The engine control module (ECM) continuously monitors the fuel pressure using the signal from the fuel pressure sensor. This allows the desired fuel pressure to be reached, and if necessary a signal is transmitted to the fuel pump control module requesting that the fuel pressure is adjusted.

By-pass valve
When the injectors are closed because of too high pressure (during engine braking for example) there is a pressure peak. The by-pass valve in the fuel pump (FP) is used to even out the pressure peak.

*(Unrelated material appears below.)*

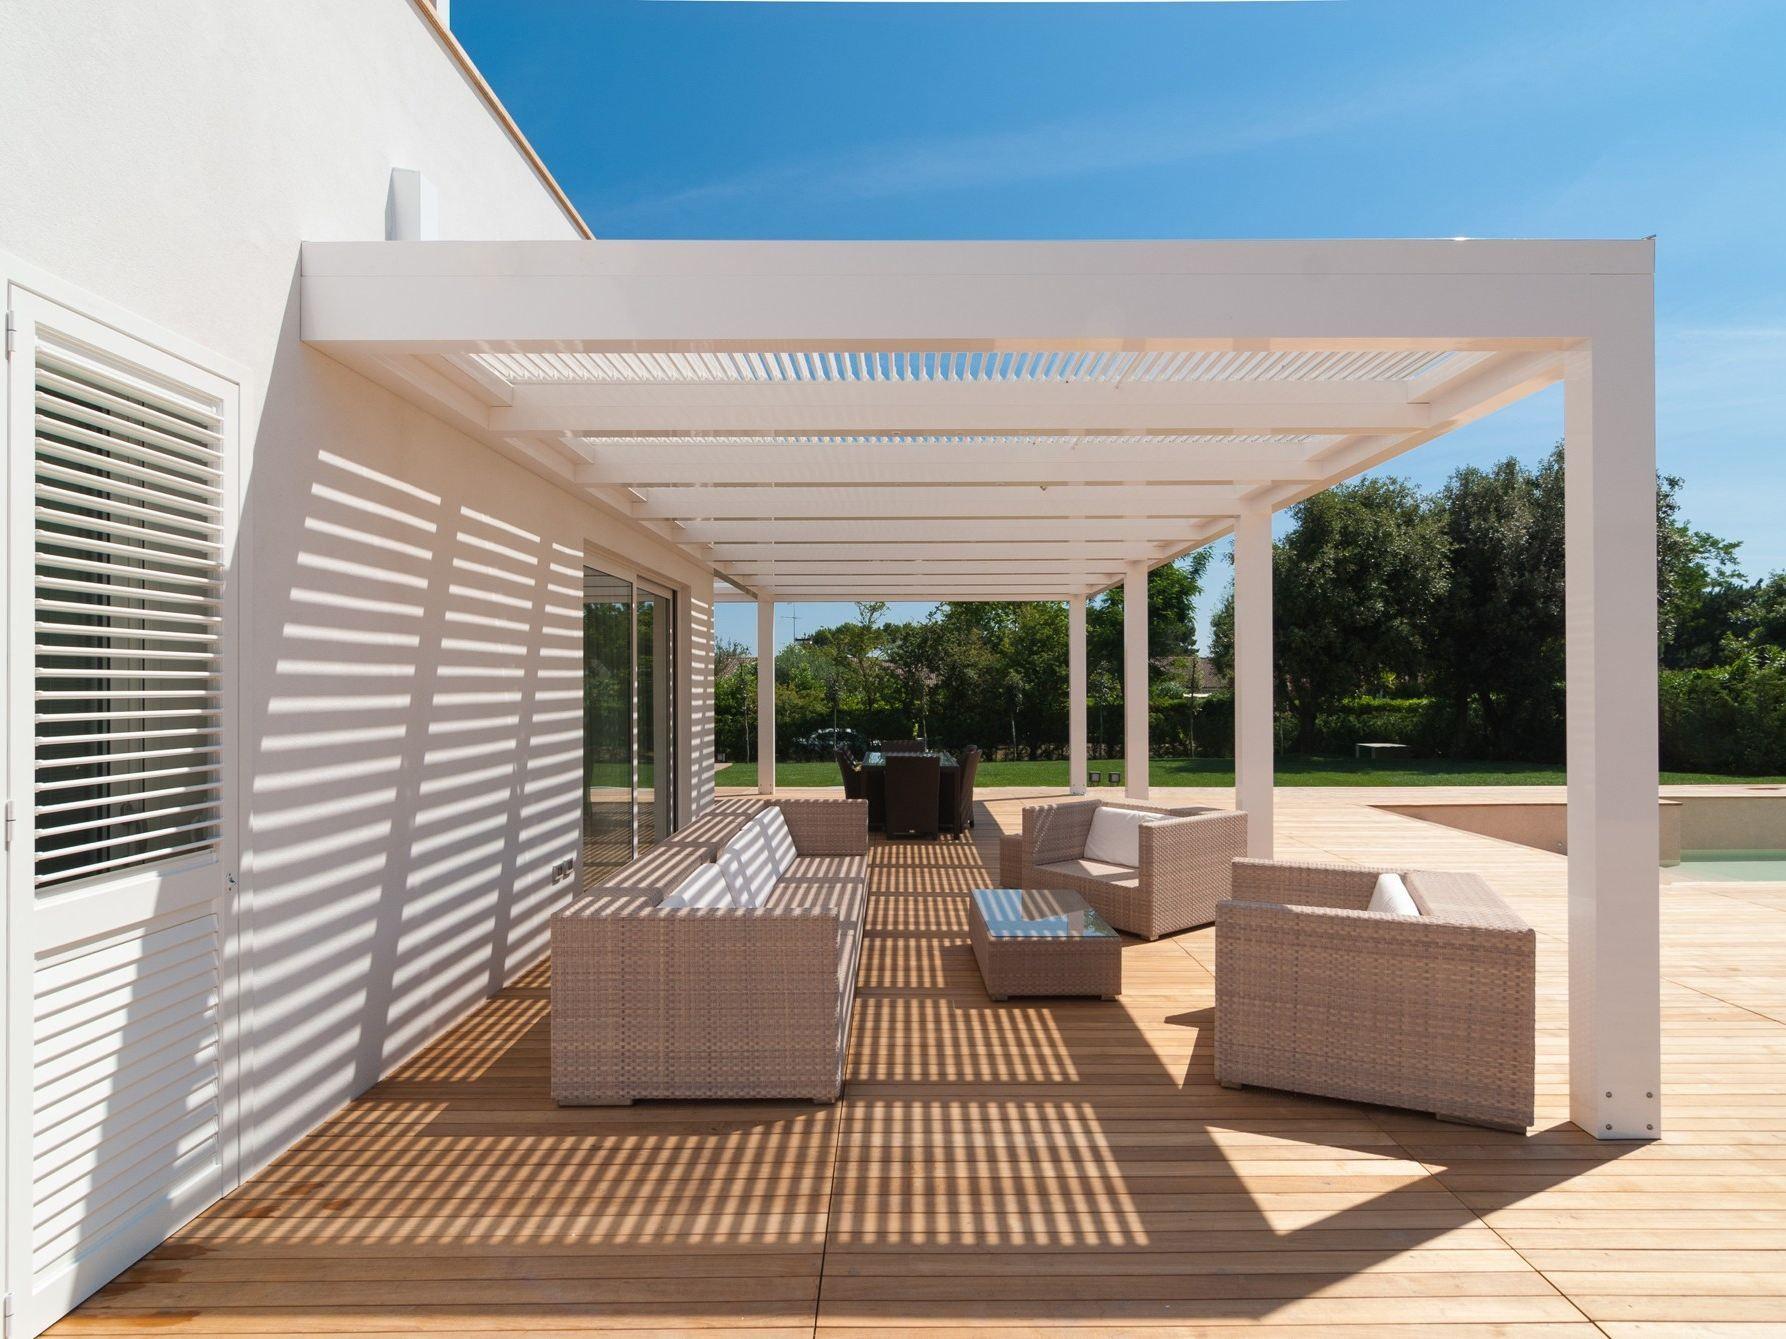 tarif pergola biossun excellent combinaison pergola et. Black Bedroom Furniture Sets. Home Design Ideas
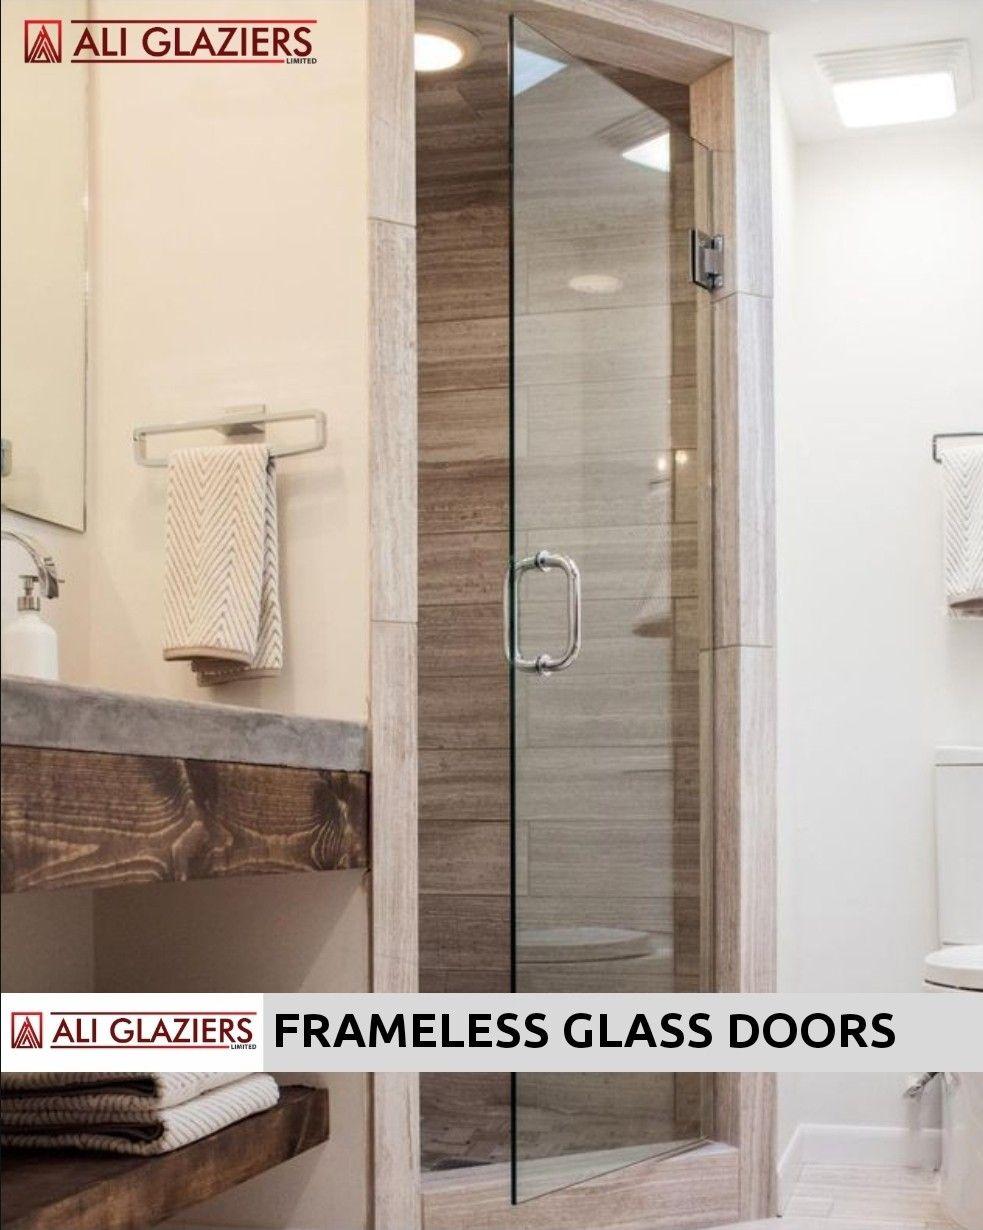 Before And After Pics Of Framed Shower Versus A Frameless Shower Door Frameless Shower Doors Complete Any B Bathroom Shower Doors Glass Shower Diy Shower Door

The opening pressure of the valve is approximately 6.5 bar.
The by-pass valve also functions as a non-return valve, ensuring that the fuel pressure in the system is maintained when the engine is switched off.
There is high pressure before the engine is started. This high pressure means that the valve in the by-pass valve opens and the system is "flushed".

Passive safety
For safety reasons, the engine control module (ECM) shuts off the fuel pump (FP) if the supplemental restraint system module (SRS) detects a collision.